Meaning that Microsoft is still using different pieces of code for
LINEST and chart trend lines? And the older, trend line code is
better? If so, it begs the question why Microsoft squandered their
money changing the LINEST code rather than just using the trend
line code for LINEST.

  #9   Report Post  
Jerry W. Lewis
 
Posts: n/a
Default

You are correct, LINEST and chart trendline are not doing exactly the
same thing. I don't know why MS reinvented the wheel here, but it is
not the first example of redundant Excel functions which are programmed
differently.

It has been a while since I did the comparisons, but my vague
recollections are that:

- Chart is slightly better numerically than 2003 LINEST (when no
coefficient estimates are exactly zero)

- 2003 LINEST (when no coefficient estimates are exactly zero) is
comparable to lm() in S-PLUS and R, and thus is far superior to previous
versions of LINEST (except for the anomaly under discussion).

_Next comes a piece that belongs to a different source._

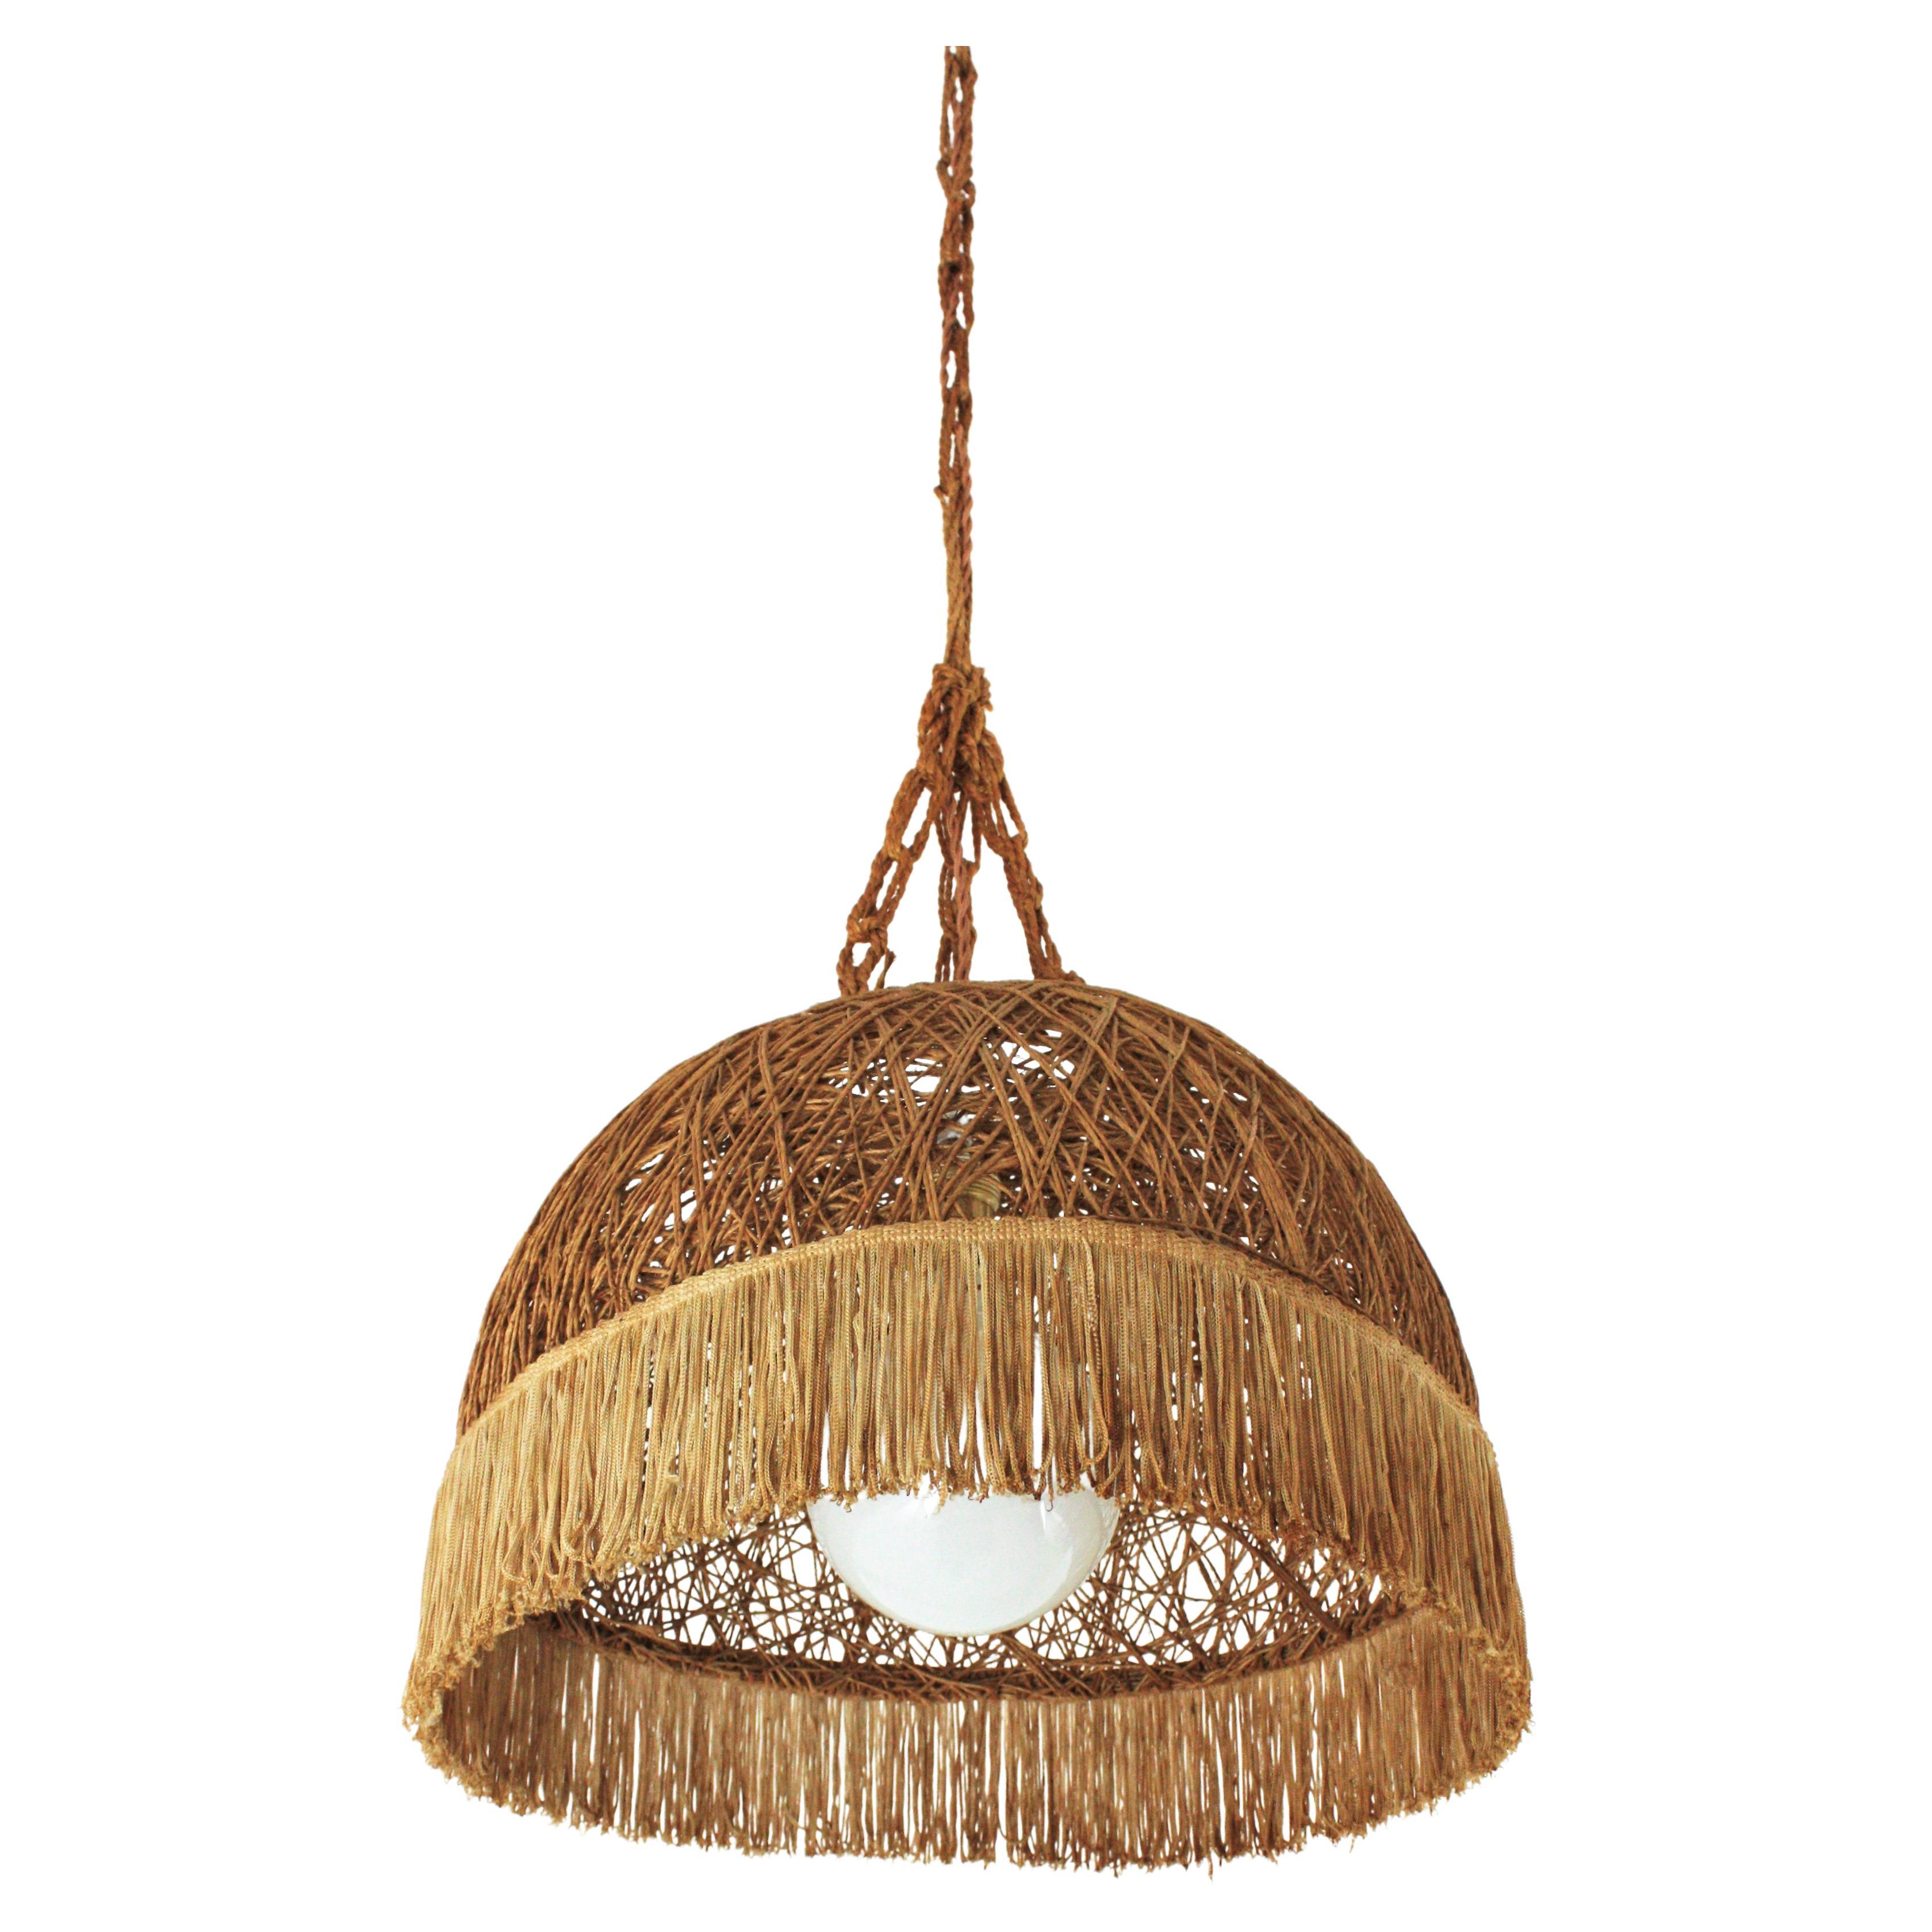 Spanish Rope Hand Woven Pendant Lamp / Suspension with Fringe

- 2003 LINEST appears to zero "small" coefficients, much like the
difference between =227.82-(227+0.75+0.05+0.02) and
=(227.82-(227+0.75+0.05+0.02)). Thankfully MS did not introduce this
"improvement" into the chart trendline.

- The nonzero coefficients from 2003 LINEST are correct for the full
problem, so you might be able (a new [untested] idea) to fit the terms
that gave zero coefficients to the residuals from the original 2003
LINEST fit, to restore the arbitrarily zeroed coefficients.

Jerry

Harlan Grove wrote:

Jerry W. Lewis wrote...
...

Plot the data as an "XY (Scatter)" chart and add a 6th degree polynomial
trendline (format to scientific notation with 14 decimal places); if
there is an appreciable difference between the graph and formula
coefficients, then the graph coefficients are better.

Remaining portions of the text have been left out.